FIG. 3. Foot orienting response (FOR) scores from the day prior to transplantation to 8 weeks after transplantation for groups of rats that had received a spinal cord crush injury either and one week later had been injected with medium, with EG or that were not injected (means±SEM; *p<0.05). Animals with normal spinal cord function score 2, whereas a score of 0 represents total paralysis.

FIG. 4. Inclined plane test (IPT) scores from the day prior to transplantation to 8 weeks after transplantation for groups of rats that had received a spinal cord crush injury either and one week later had been injected with medium, with EG or that were not injected (means±SEM; *p<0.05).

FIG. 5. Photomicrographs of sagittal sections of thoracic spinal cords, at the injury site 9 weeks post-injury (8 weeks post implantation), stained with hematoxylin and eosin. (A) A cystic cavity is present at the lesion site in a non-EG vehicle subject (medium-injected cord). Boxed region of panel (A) is seen at higher magnification in panel (B). (C) EG-grafted cord exhibit filling of cells and fibers in the lesion site. Boxed region of panel (C) is seen at higher magnification in panel (D) and reveals the cellular and fiber filling in the lesion site. (E) The cystic cavity was significantly smaller in the animals injected with EG compared with animals that received medium only (E; *p<0.05). Scale bar in c=100 μm for a and c; scale bar in d=50 μm for b and d.

FIG. 6. In a spinal cord that had been injected with medium and not with EG, most axons are excluded from lesion site by glial scarring 9 weeks post-injury. (A) Sagittal section 9 weeks post-injury demonstrates a dense halo of GFAP immunoreactivity surrounding lesion site. Boxed region of panel (A) is seen at higher magnification in panel (B). (C) Neurofilament (NF) immunolabeling at the lesion size and boxed region of panel (C) is seen at higher magnification in panel (D) to reveals exclusion of the vast majority of axons from the lesion cavity by gliotic scarring. (E, F) Merger of the two images demonstrates GFAP (green) and NF (red) double fluorescent immunolabeling at lesion site. Scale bar in A=200 μm for A, C, E and in B=50 μm for B, D, F

FIG. 7. In EG-implanted cords, a chronic glial scar surrounds the lesion site but does not block axon penetration 9 weeks after initial injury (8 weeks after implantation). (A) Sagittal section demonstrates a chronic dense GFAP immunoreactivity surrounding lesion site. Boxed region of panel (A) is seen at higher magnification in panel (B). (C) Neurofilament (NF) immunolabeling demonstrates penetration of axons into the lesion size and boxed region of panel (C) is seen at higher magnification in panel (D) to reveals axons in the lesion site. (E, F) Merger of the two images demonstrates GFAP (green) and NF (red) double fluorescent immunolabeling demonstrates ability of axons to penetrate extensive astrocytic scar and grow into lesion site. Scale bar in A=200 μm for A, C, E and in B=50 μm for B, D, F.

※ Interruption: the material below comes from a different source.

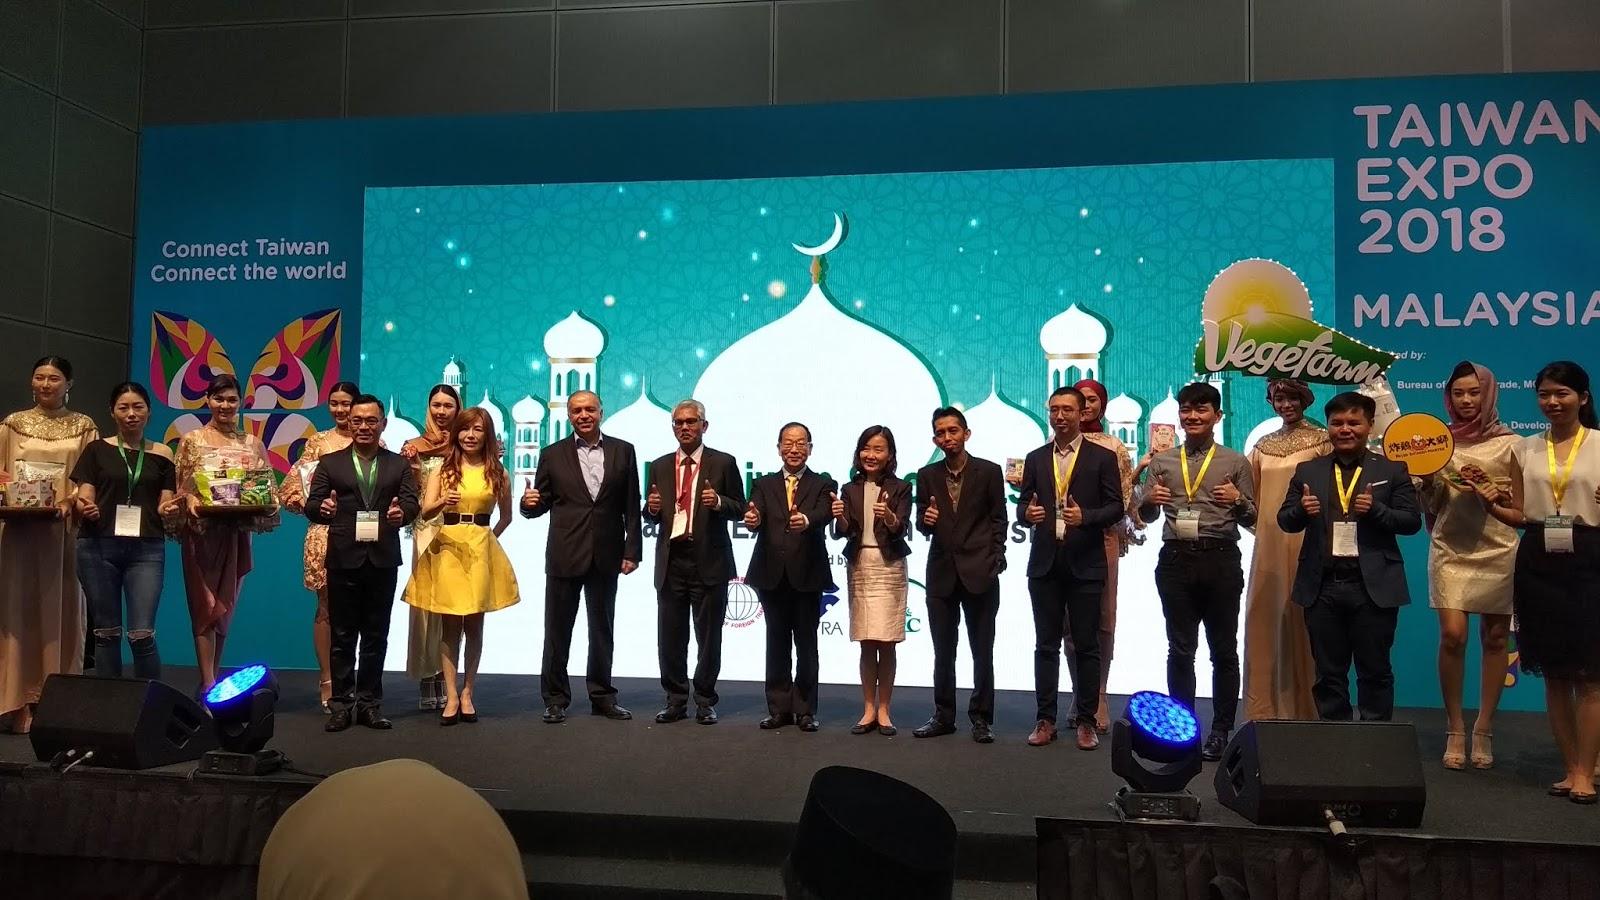 Taiwan Expo 2018 - Produk Halal Taiwan Kini Di Malaysia

FIG. 8. EG transplantation promoted the outgrowth of growth-associated protein-43 (GAP-43)-positive fibers in the injured spinal cord. Sagittal sections stained with anti-GAP-43 antibody in the vehicle control animals (A), animals received EG implantation (B, C, D). (a) Shows some GAP-43 immuno-positive axons around injured site. (B) Demonstrates significantly more GAP-43 immuno-positive axons at the injured site in the cord from EG transplanted animal and those sprouting axons grow into the lesion site. (C) Identification of EG in lesion site with Hoechst label. (D) Merger of the two images demonstrates EG company with sprouting axons. Scale bar=50 μm for all.

FIG. 9. EG cells were maintained in standard culture medium containing 1% FBS for 24 hours (as described in Example 1), then cells were deprived of serum for 24 hours before the beginning of the experiment. All experiments were carried out in 2 ml culture medium with 2% FBS per well. One ml of medium was removed at the indicated times and examined for neurotrophic factor concentration by ELISA (see Example 1). EG cells release NGF (A) and BDNF (B) under control conditions, in a time dependent manner, with the levels reaching an average of approximately 100 μg/ml of culture medium after 48 hours. All bars represent the means±SEM of 5 independent experiments.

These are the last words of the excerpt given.